The per-share price is virtually meaningless for those who follow the principles of value investing. The reason why they do not look at the per-share price is because it changes with the perception of the people and reflects what the market is willing to pay for a share at a given time. Nevertheless, this changing perception constantly keeps changing a company’s Market Capitalization.
Stocks are generally classified on the basis of Market Capitalization in India. Different fund houses and investment professionals adopt varying definitions to classify stocks on the basis of market capitalization such as Large Caps; Mid caps; and Small Caps. Some Analysts use different approach and add Micro and Mega Caps in their classification. In all approaches, market capitalization functions as an indicator of a company’s size.
For investors it is important to have some knowledge of how different classes behave. In general terms, different market caps (i.e. large, mid and small) carry varying degrees of risk and potential returns. Given below is a comparative account of mega-cap, large-cap, mid-cap and small-cap companies.
Our standard approach of classifying companies is given below:
I. Mega Cap – Companies with a market cap exceeding Rs. 20,000 Cr.
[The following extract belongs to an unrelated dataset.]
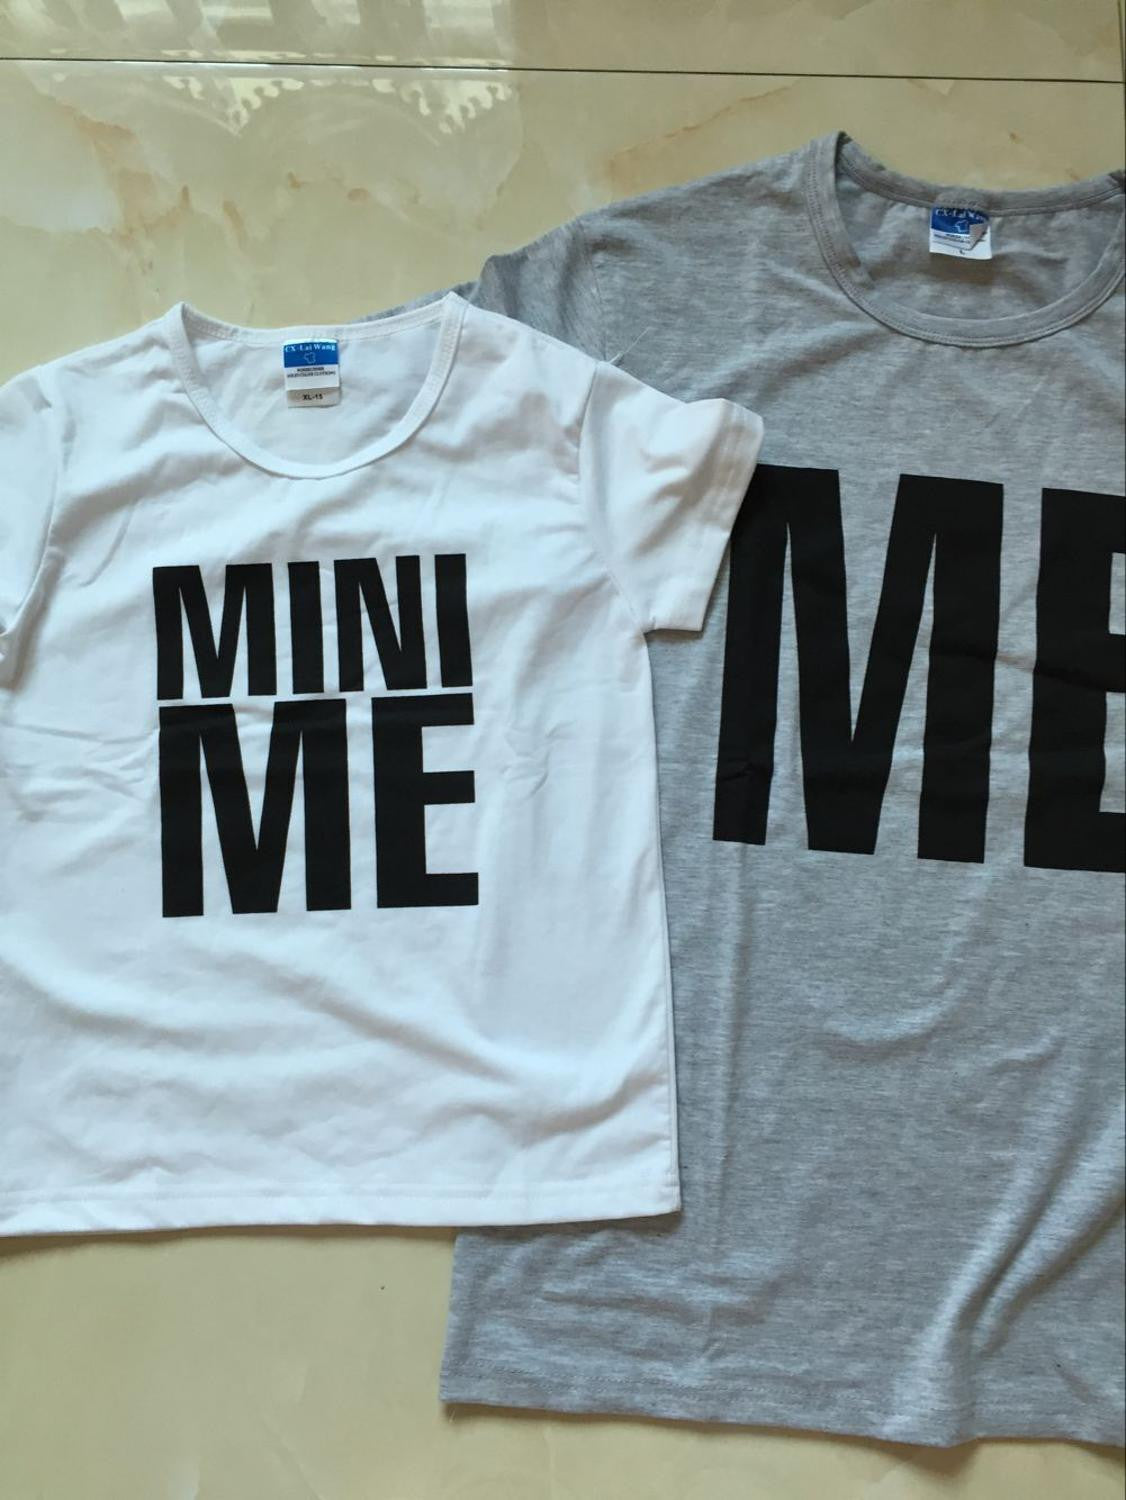 summer family matching outfits letter me mini me father and son clothes cotton family look T- shirt family matching clothes-Dollar Bargains Online Shopping Australia

Mega caps are usually blue chip stocks with strong brand recognition; excellent track records and a history of wealth creation, such as ITC, State bank of India, Coal India and others.
II. Large Cap – Companies with a market cap between Rs. 7,000 Cr. and Rs. 20,000 Cr. Large and well established companies with well known products fall into this category, such as Ashok Leyland, and others large-cap stocks.. Both mega and large cap stocks are considered to be relatively stable and secure investment options.
III. Mid Cap – Companies with a market cap between Rs. 500 Cr. and Rs. 7,000 Cr. Companies in this basket are in their developing or growth stage and their share price are more volatile than the large- and mega-cap companies. Mid caps represent a significant portion of growth stocks. Some of the companies might not be industry leaders, but they may well be on their way to becoming one.
IV. Small Cap –Companies with a market cap upto Rs. 500 Cr. Although their track records won’t be as lengthy as those of the mid to mega caps, small caps do present the possibility of greater capital appreciation – but at the cost of a higher degree of risk.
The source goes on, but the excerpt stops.